A cubic function $f$ is defined for $x \in \mathbb{R}$ as $$f : x \mapsto x^3 + (1 - k^2)x + k,$$ where $k$ is a constant - Leaving Cert Mathematics - Question 3 - 2012

We already established that $-k$ is a root; thus, $(x + k)$ is a factor of $f(x)$. To find the other factor, we perform polynomial long division of
$x^3 + (1 - k^2)x + k$ by $(x + k)$.

After performing the long division, we find that
$f(x) = (x + k)(x^2 - kx + (1 - k^2)).$

To find the other two roots, we set the quadratic equation $x^2 - kx + (1 - k^2) = 0$ and use the quadratic formula:

$x = \frac{k \pm \sqrt{k^2 - 4(1 - k^2)}}{2}.$

This simplifies to:
$x = \frac{k \pm \sqrt{5k^2 - 4}}{2}.$

Thus, the other two roots of the equation are:

1. $\frac{k + \sqrt{5k^2 - 4}}{2}$
2. $\frac{k - \sqrt{5k^2 - 4}}{2}$.

For $f$ to have exactly one real root, the discriminant of the quadratic equation must be zero.

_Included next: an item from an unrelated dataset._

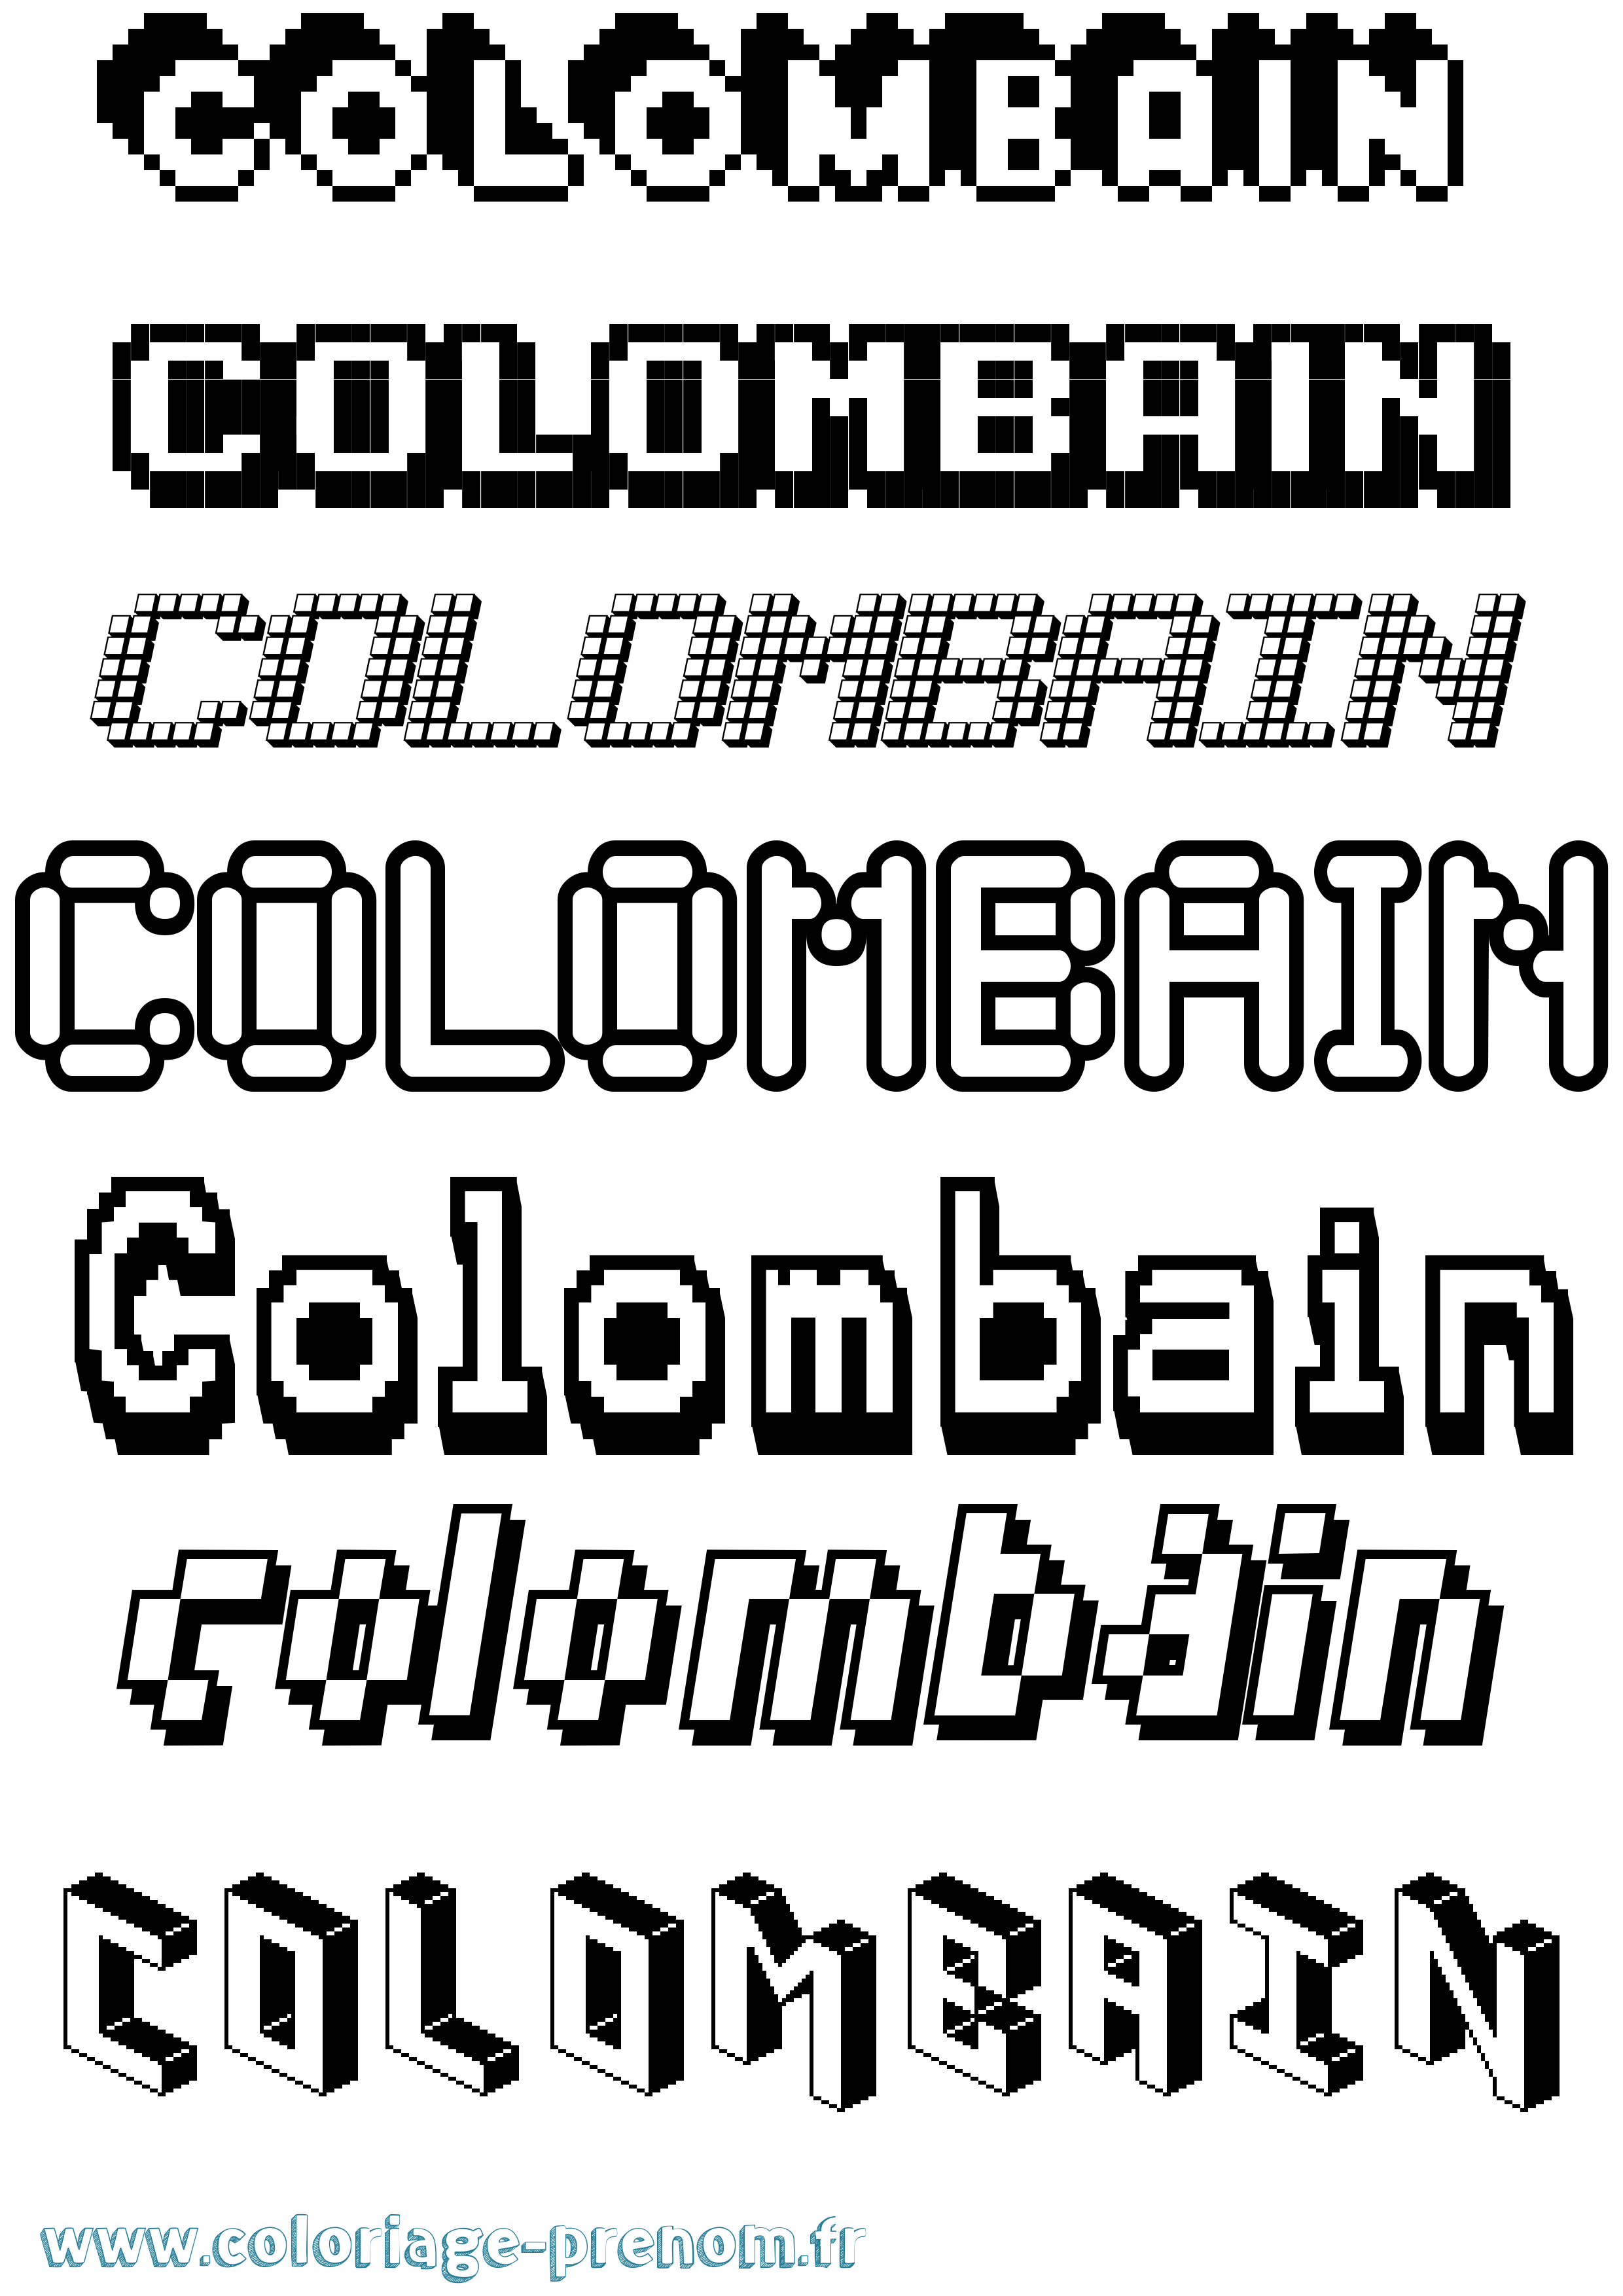 Coloriage prénom Colombain Pixel
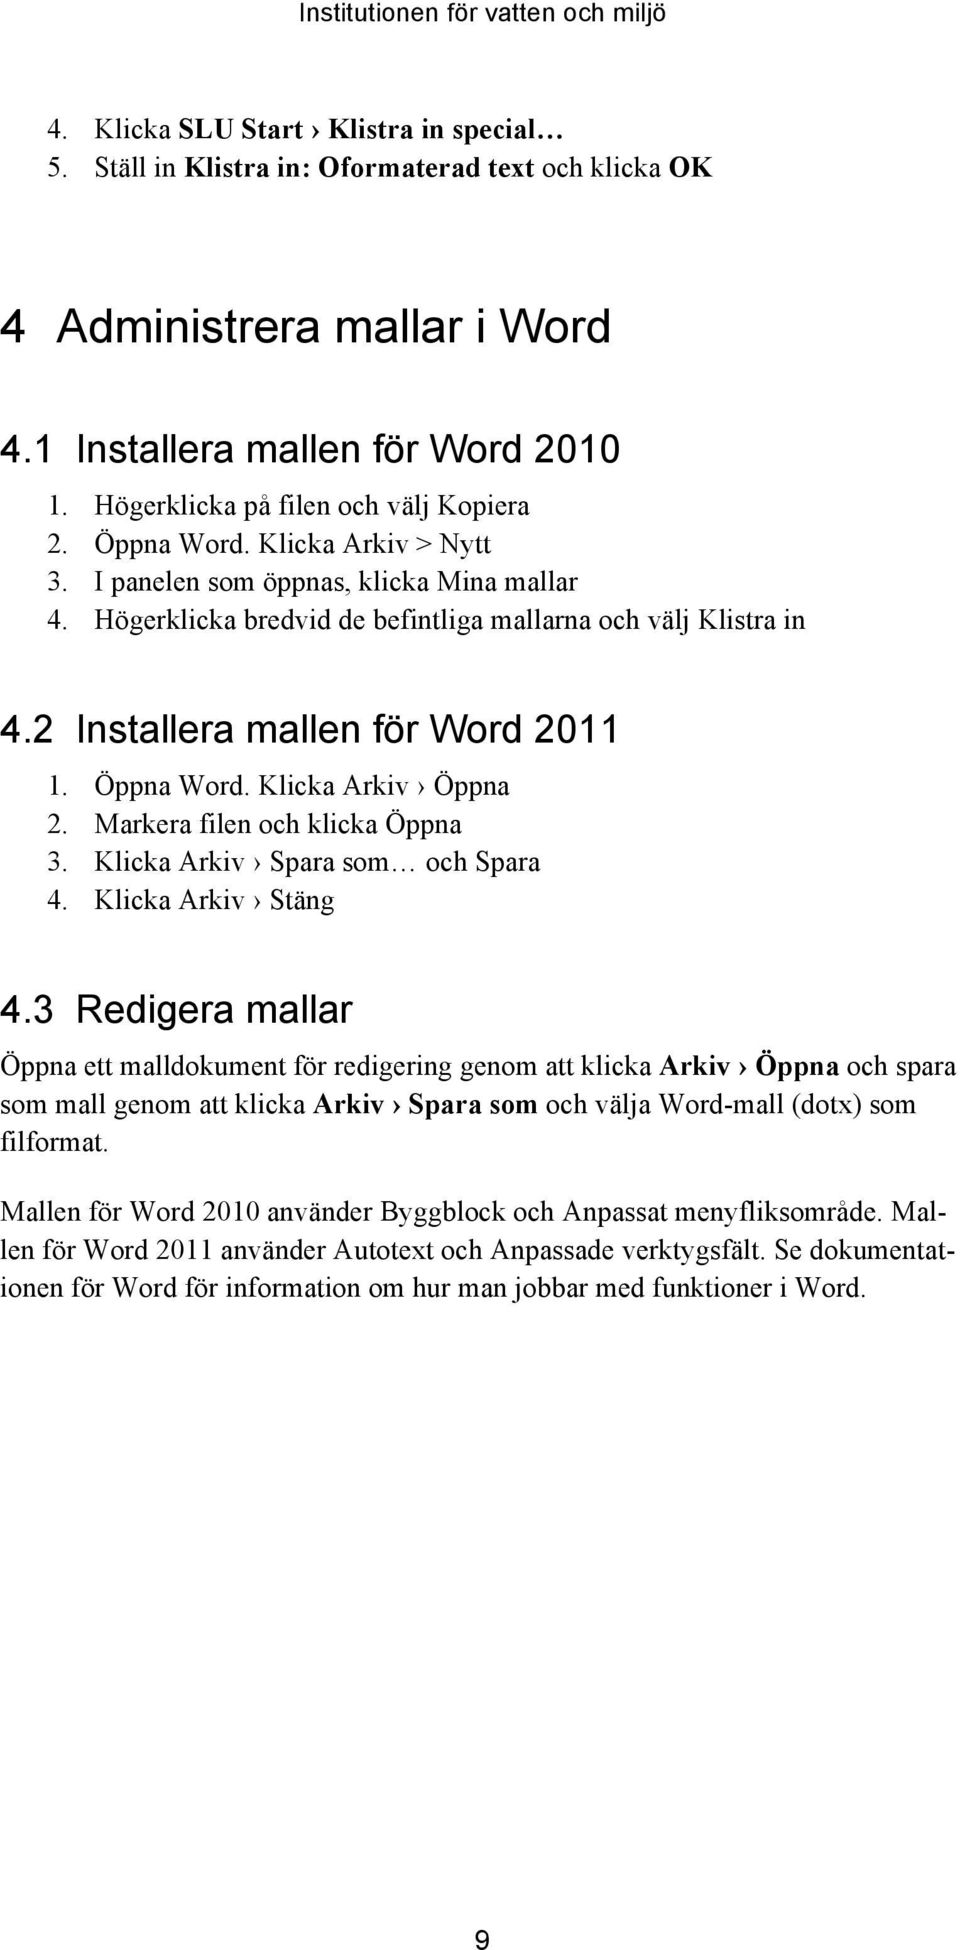 2 Installera mallen för Word 2011 1. Öppna Word. Klicka Arkiv Öppna 2. Markera filen och klicka Öppna 3. Klicka Arkiv Spara som och Spara 4. Klicka Arkiv Stäng 4.

From the earlier derived form:
$5k^2 - 4 = 0.$
Solving for $k$, we get:
$5k^2 = 4 \implies k^2 = \frac{4}{5} \implies k = \pm \frac{2}{\sqrt{5}}.$

Additionally, for $f$ to have one real root, we require $k^2 - 4 < 0$, leading to the range
$-2 < k < 2.$

Thus, the set of values of $k$ for which $f$ has exactly one real root is $k \in \left(-\frac{2}{\sqrt{5}}, \frac{2}{\sqrt{5}}\right)$.